◆ **PROBLEM DESCRIPTION**:
Copy out the listing that follows, exactly, without its pictures.

═══ GIVEN INFORMATION

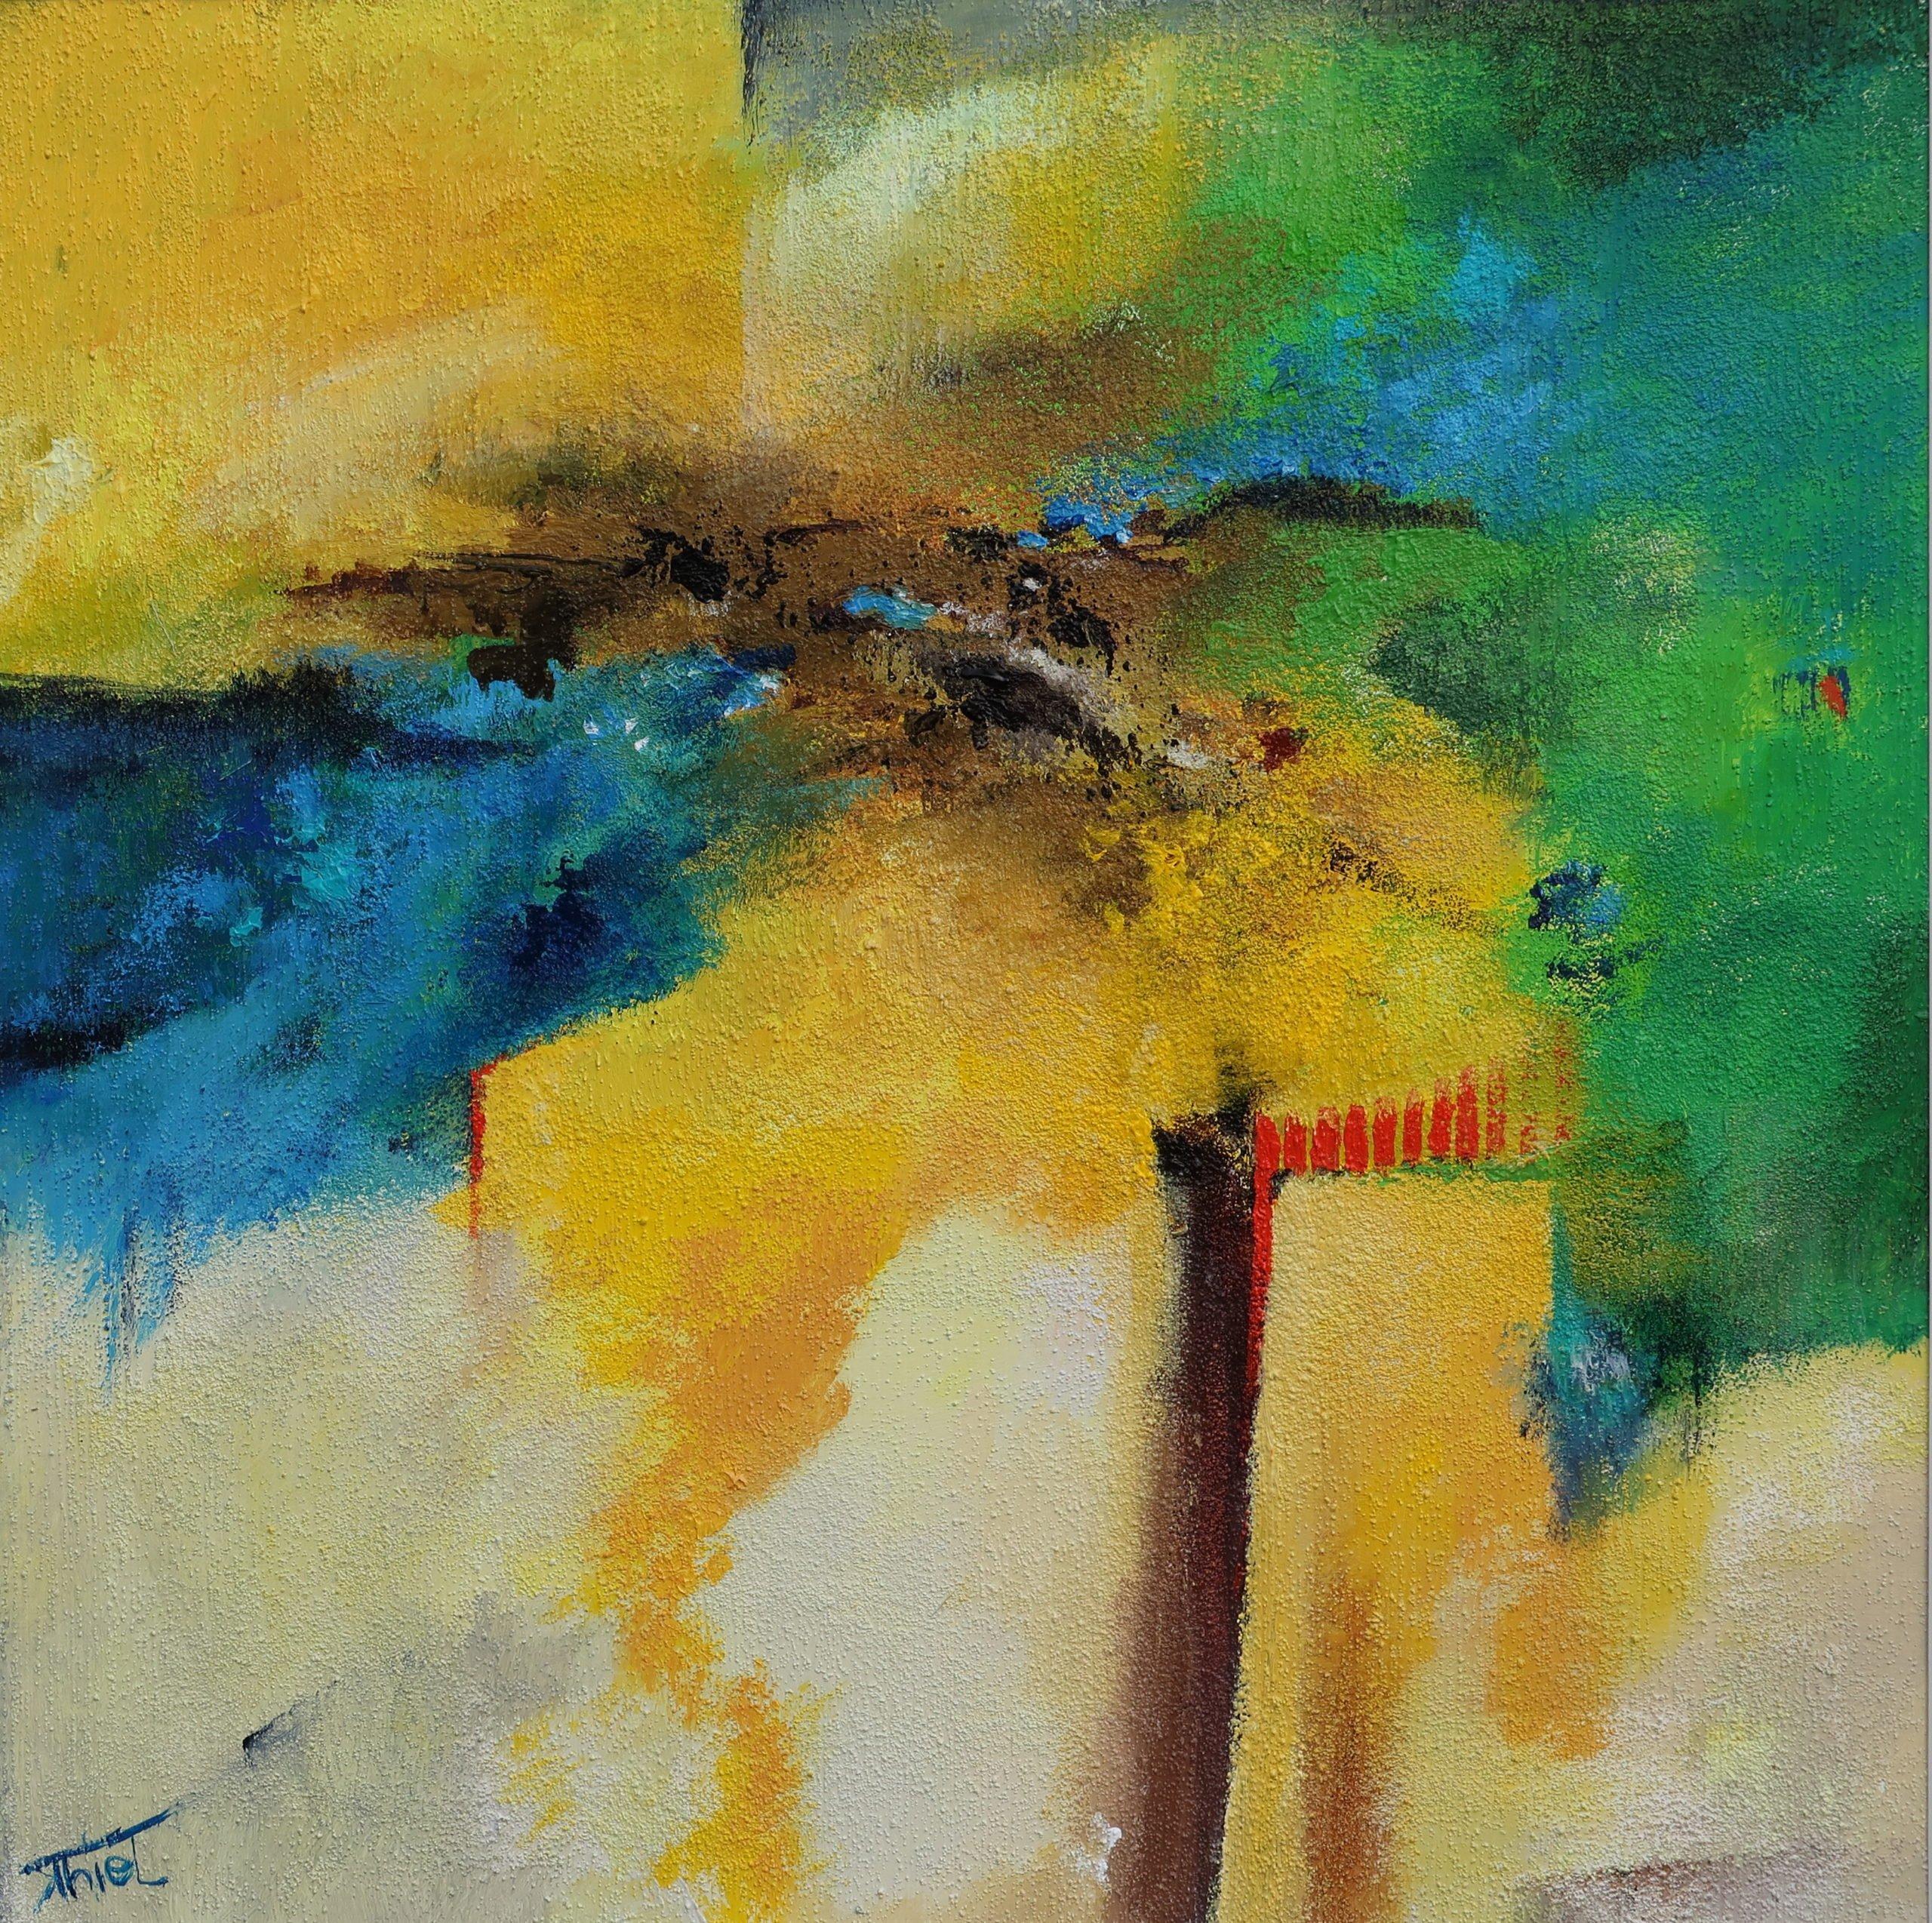 Klaudia Thiel | Erinnerungsräume | Mischtechnik auf Karton | 40 x 40 cm | 2019
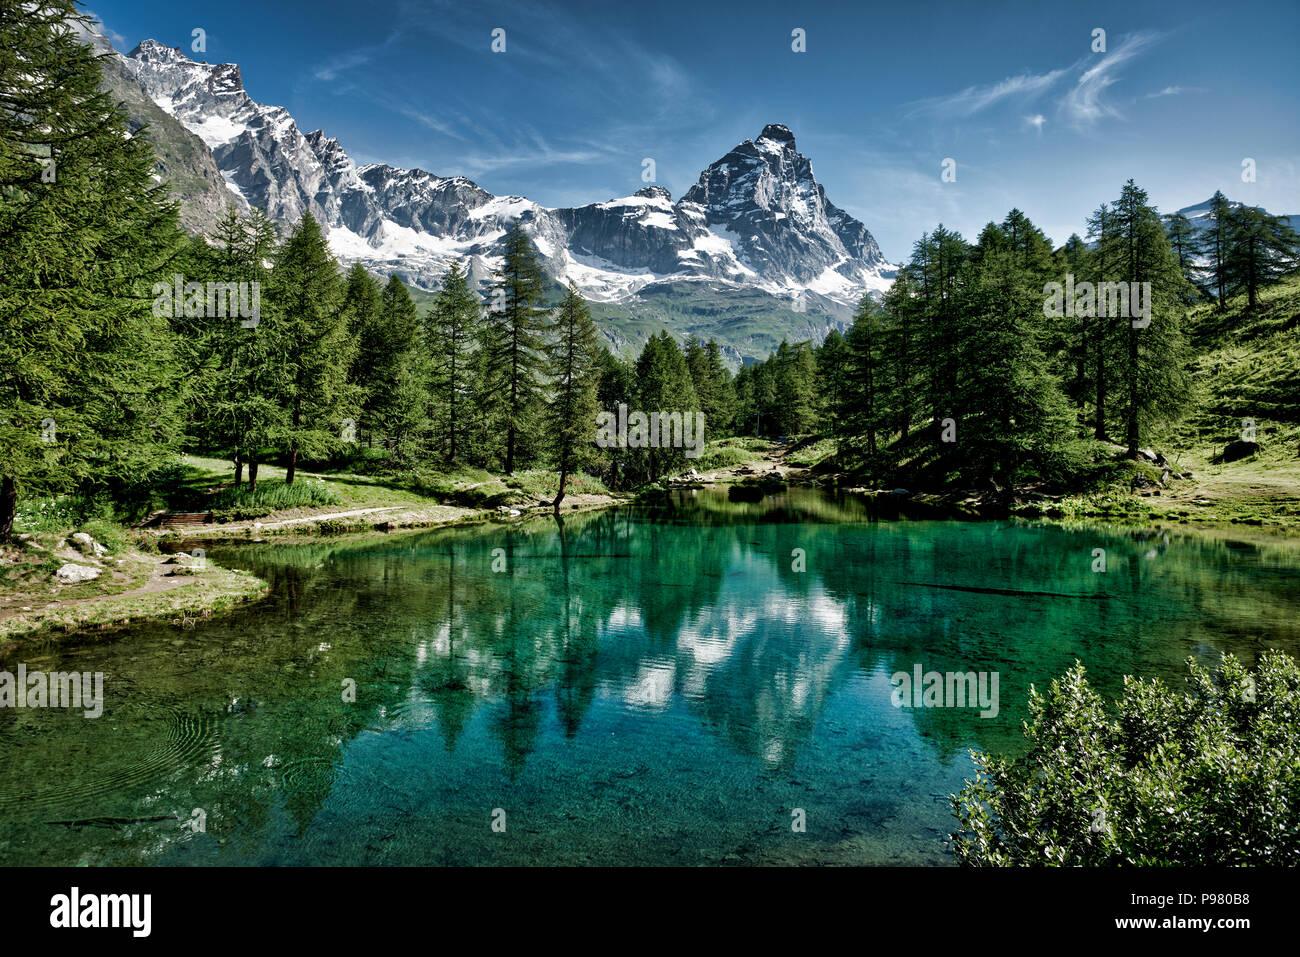 El lago azul y el Matterhorn en un pintoresco paisaje de verano con luces de Sol visto desde Breuil-Cervinia, Valle de Aosta - Italia Imagen De Stock
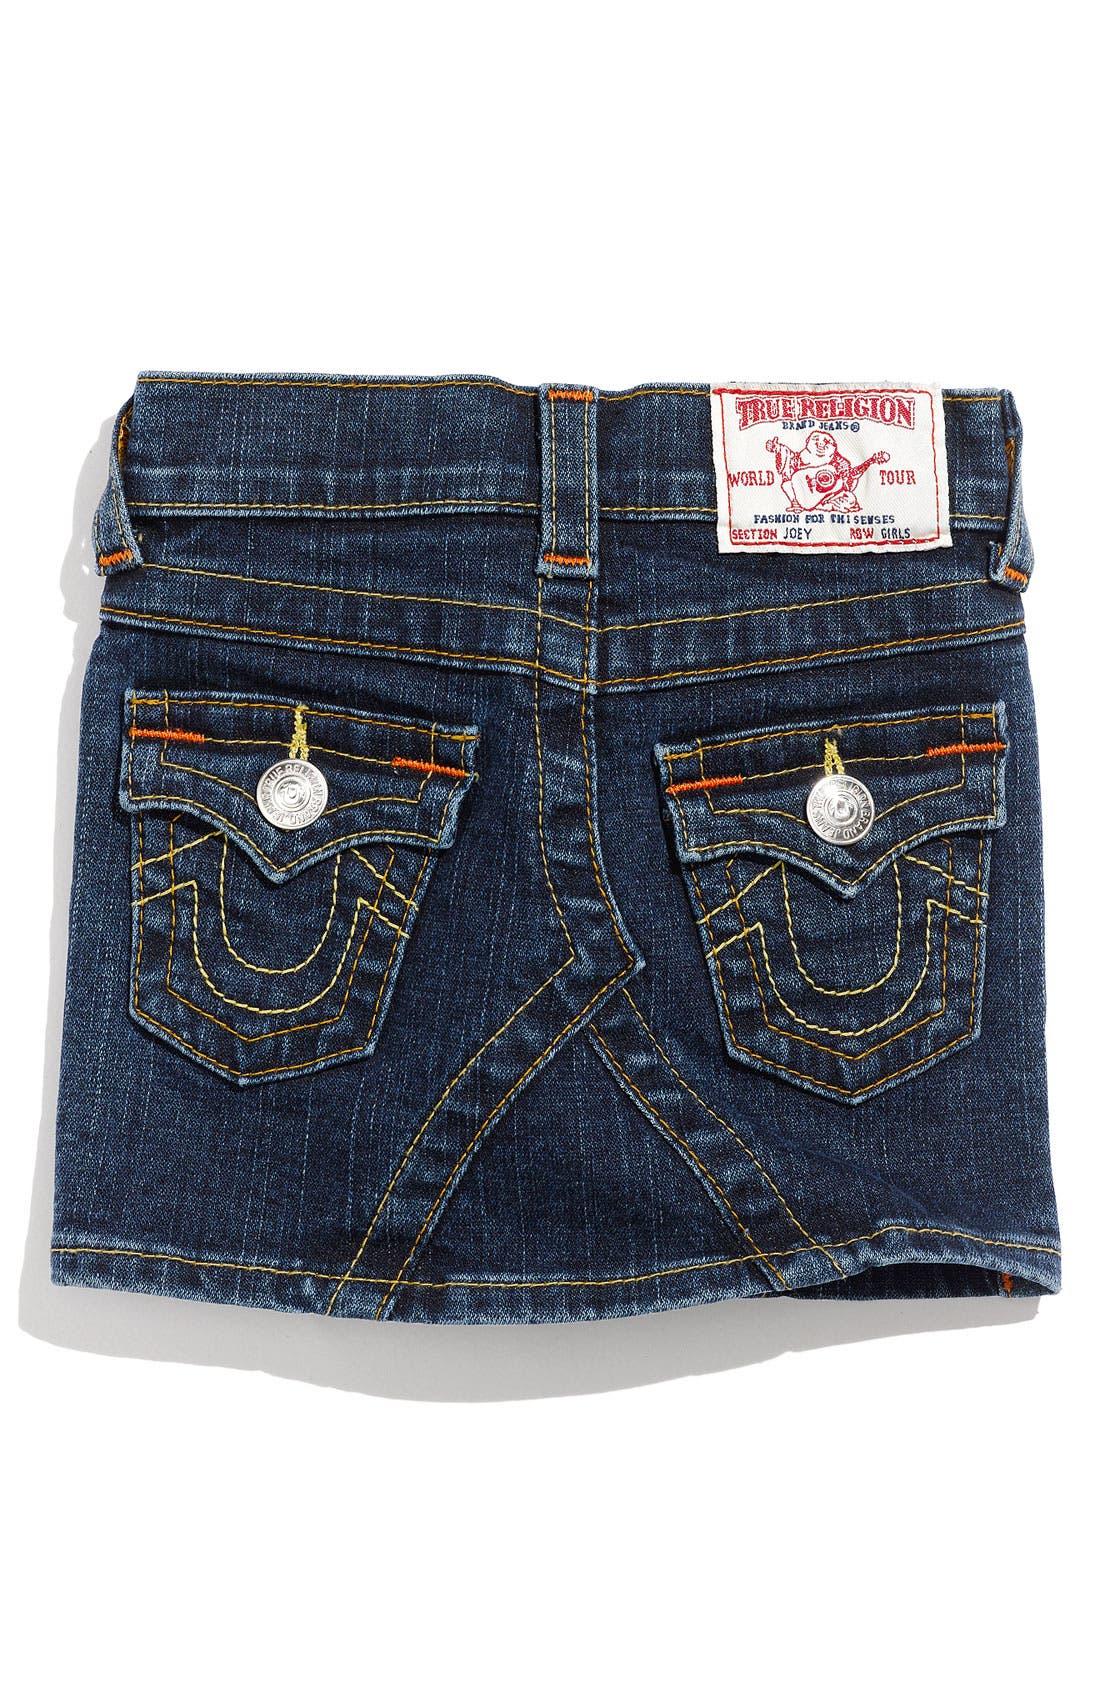 Alternate Image 1 Selected - True Religion Brand Jeans 'Joey' Skirt (Toddler)

══════

◆ **ANSWER TO THIS PROBLEM**:
 Klaudia Thiel | Erinnerungsräume | Mischtechnik auf Karton | 40 x 40 cm | 2019
 El lago azul y el Matterhorn en un pintoresco paisaje de verano con luces de Sol visto desde Breuil-Cervinia, Valle de Aosta - Italia Imagen De Stock
 Alternate Image 1 Selected - True Religion Brand Jeans 'Joey' Skirt (Toddler)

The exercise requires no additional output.